Gas vesicles are still used by aquatic bacteria today.
For more than a century, a few specialized biologists have been aware of them.
But it wasn’t until the last decade that Shapiro and his colleagues realized they might use this completely normal evolutionary quirk—specifically, the DNA that causes it—for their purposes.
Gas vesicles are particularly fascinating because they respond to sound waves—particularly ultrasound, which is too high-pitched for human ears to hear—by emitting a signal.
The gene that allows microorganisms to produce gas vesicles is referred to be a reporter gene because of its ability.
Scientists can “program” another cell with a feature that allows them to readily locate and peek into it by adding a reporter gene into its DNA.
When a cell becomes active, the reporter gene becomes active as well.
“You can now detect changes in cellular activity very early on,” says Donna Goldhawk, an imaging scientist at Lawson Health Research Institute in London, Ontario, who studies reporter genes but was not involved in Shapiro’s study.
Ultrasound has several advantages.
For example, the technique could detect diseases in humans early on, before they cause tissue damage.

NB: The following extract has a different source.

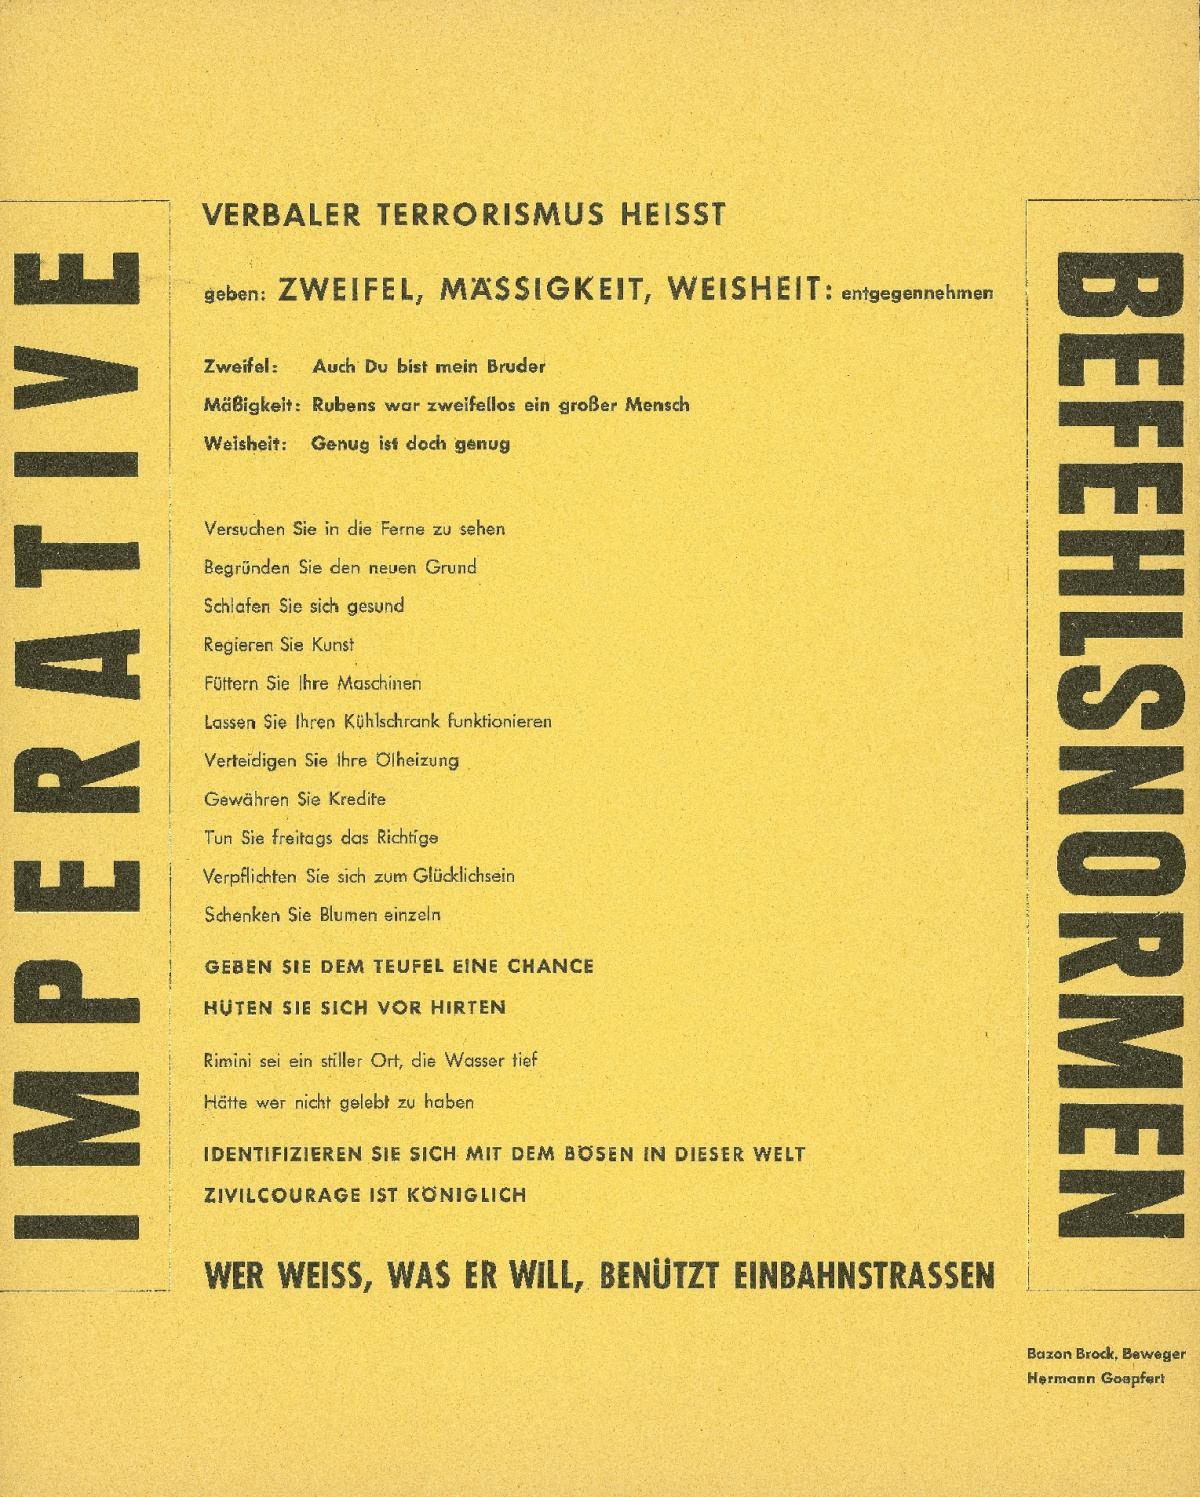 Imperative Befehlsnormen, Bild: Aktion "Donnerstagsmanifest" von Bazon Brock und Hermann Goepfert, Frankfurt am Main 1962..

Without the unpleasant side effects of ionizing radiation that X-rays can cause, the detection could also be safer.
The reporter cells might also be followed for months.
“Anytime you give a genetic alteration to a cell, you introduce the potential to monitor that one cell type throughout its natural lifespan,” Goldhawk explains.

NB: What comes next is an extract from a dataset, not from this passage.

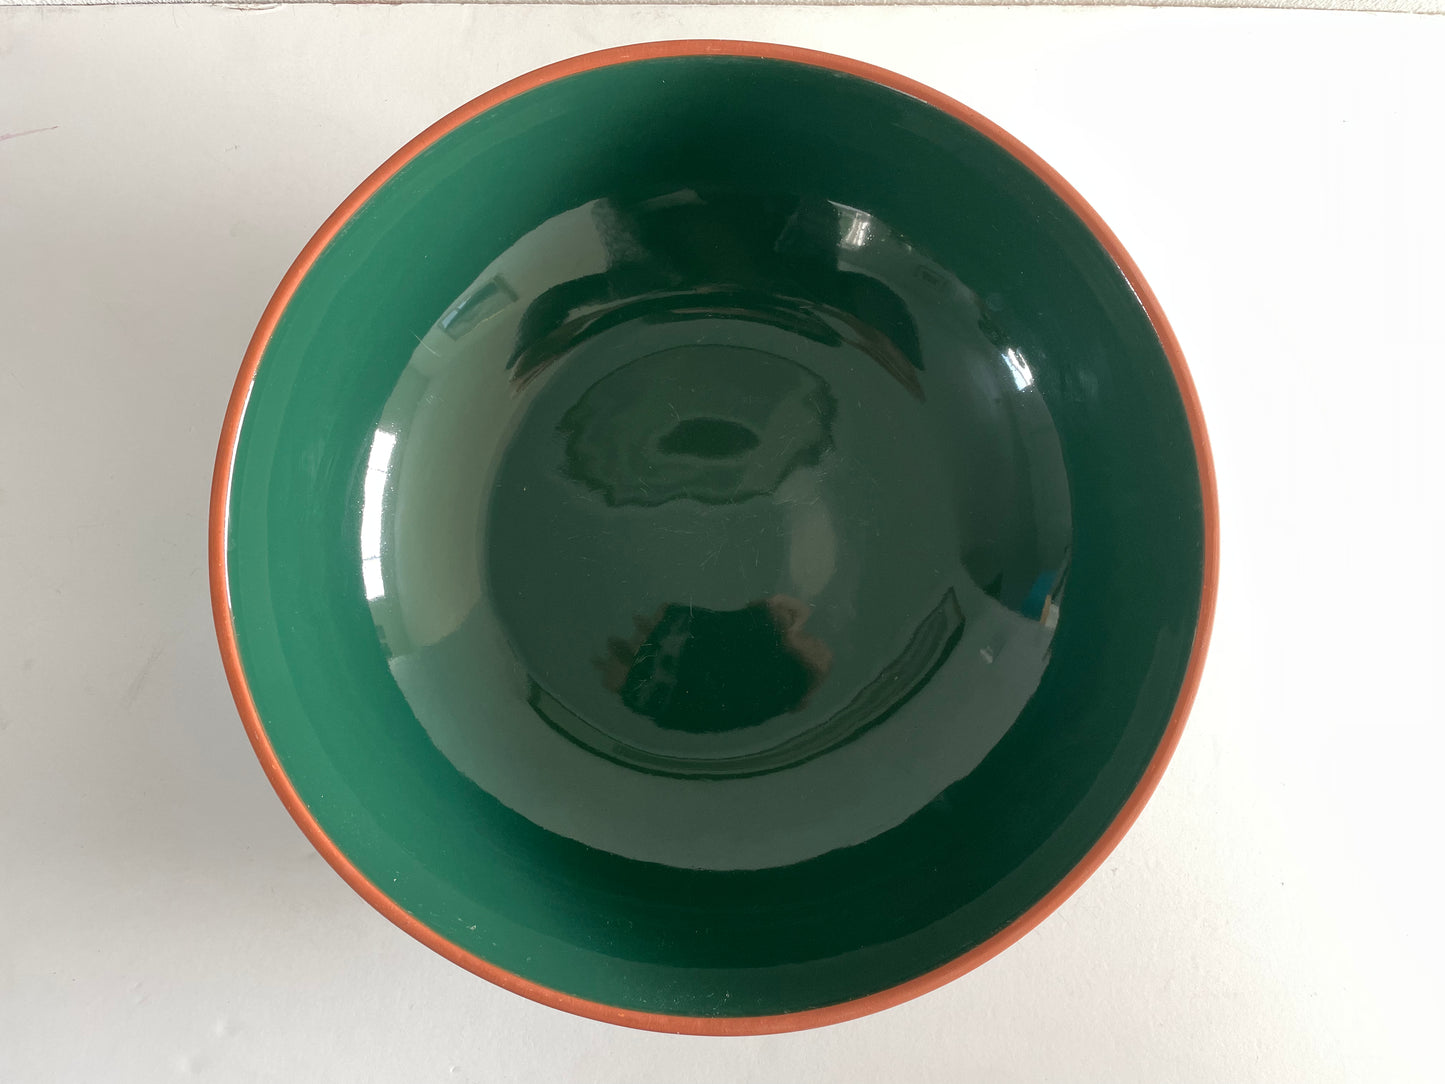 Vintage 1990s Dansk Deep Green Large Serving Pasta Bowl Ceramic Platter

There are several different types of reporter genes.
Goldhawk’s team uses a reporter gene to create magnetic iron-containing proteins that glow in an MRI.

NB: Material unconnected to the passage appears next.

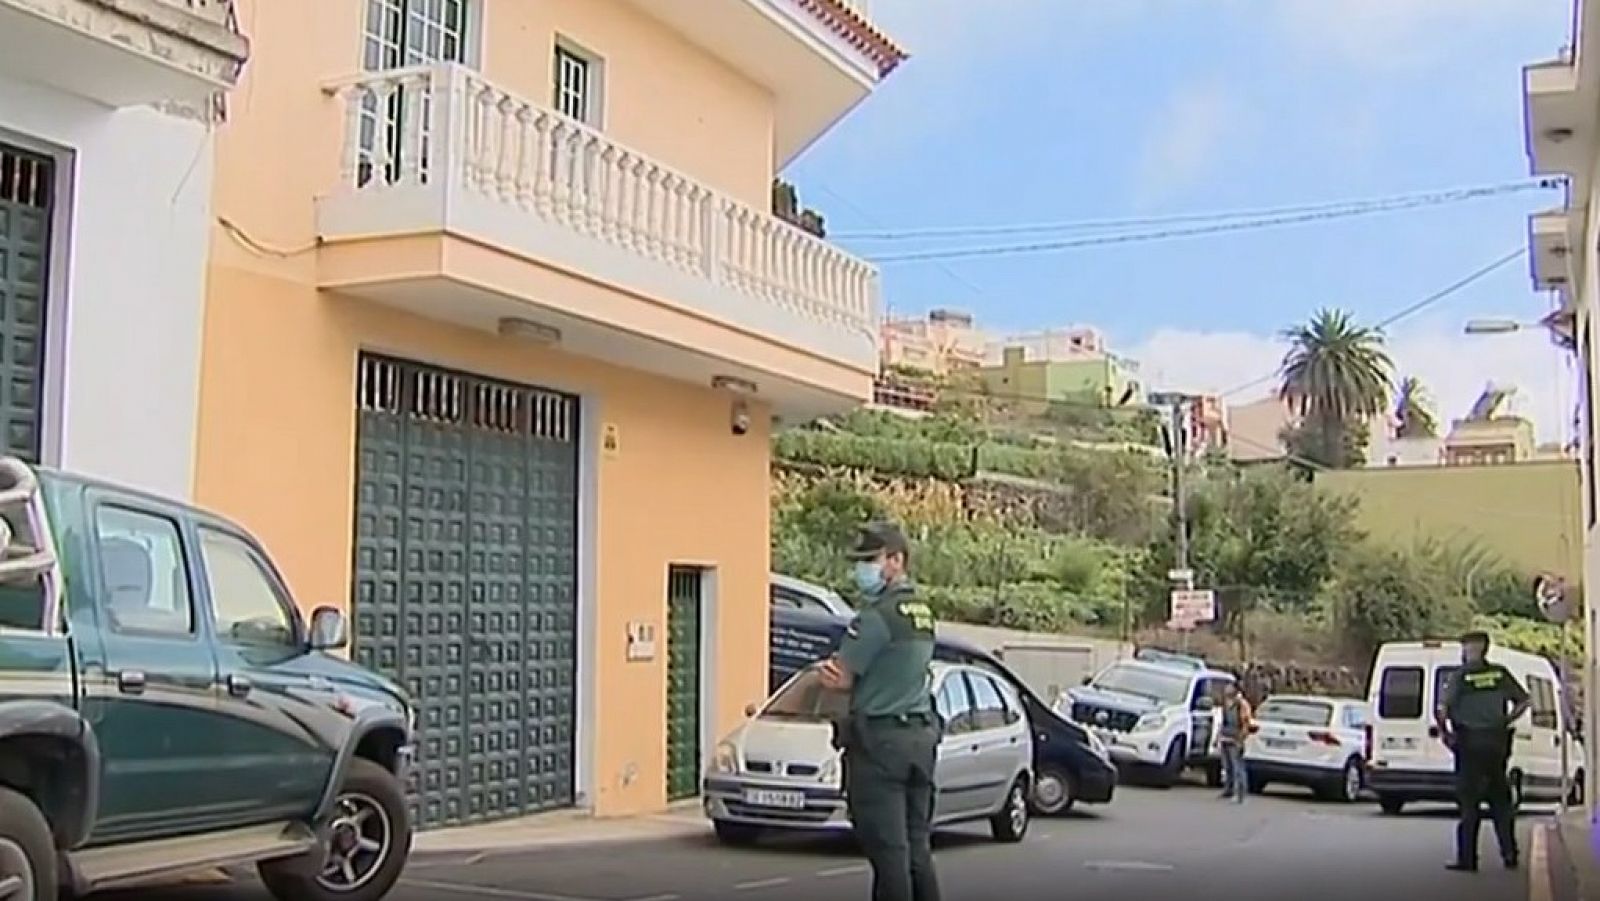 Asesinada una mujer presuntamente por su pareja en Santa Úrsula, Tenerife

Green fluorescent protein (GFP) is a protein that comes from jellyfish and is produced by another common reporter gene.
If you insert its DNA into a cell to make GFP, the cell will do exactly what it says: It will glow green when exposed to the correct kind of light.
However, there are a few advantages to using sound over light, according to Shapiro.
For one thing, whereas GFP can only detect a millimeter below the surface, ultrasonic can look far beyond.
This means that instead of cutting into organisms or organs, ultrasound can be used to examine them.
“Ultrasound is one of the only ways to look at things deep inside tissues,” adds Shapiro.
Ultrasound, on the other hand, is a little more common outside of laboratories, but fluorescent cell technology isn’t.
According to Shapiro, “it is the most commonly utilized biomedical imaging in the world.”
“Ultrasound machines can be found in almost every doctor’s office.”
Depending on your age, your very first picture could have been an ultrasound scan of you in the womb.
The future of reporter genes that pop
Shapiro’s team has been fine-tuning and inserting the DNA for gas vesicles into cells for several years.
They’ve now been able to significantly boost the signal emitted by their reporter genes.
They did this by generating gas vesicles that noisily pop when pinged with ultrasound, just like those in microorganisms about to dive.
That’s what they wrote about in their most recent Nature Methods piece.
According to Goldhawk, Shapiro’s group was the first to create sound-based reporter genes.
“This is unquestionably cutting-edge technology.”
Shapiro envisions a future in which every biology lab has an ultrasound machine, which he uses to examine mice raised with reporter gene-inclusive cells.
But there’s a long way to go before that.
Although ultrasound machines are widely available, Shapiro believes that employing them for this purpose will necessitate improved imaging technology in addition to better proteins.
“At this point, I believe we are at the very beginning of this field’s evolution,” he says.
However, scientists are already considering cell applications that take advantage of reporter genes’ tremendous abilities, such as manipulating cells rather than merely looking at them.
In addition to employing genetically altered cells to diagnose, Goldhawk believes that cells with reporter genes could one day be used to fight illnesses without resorting to antibiotics and risking antibiotic resistance.
“What if we could cure diseases with bugs that recolonize whatever organ they infect and get rid of the infection by reducing the number of cells?” she wonders.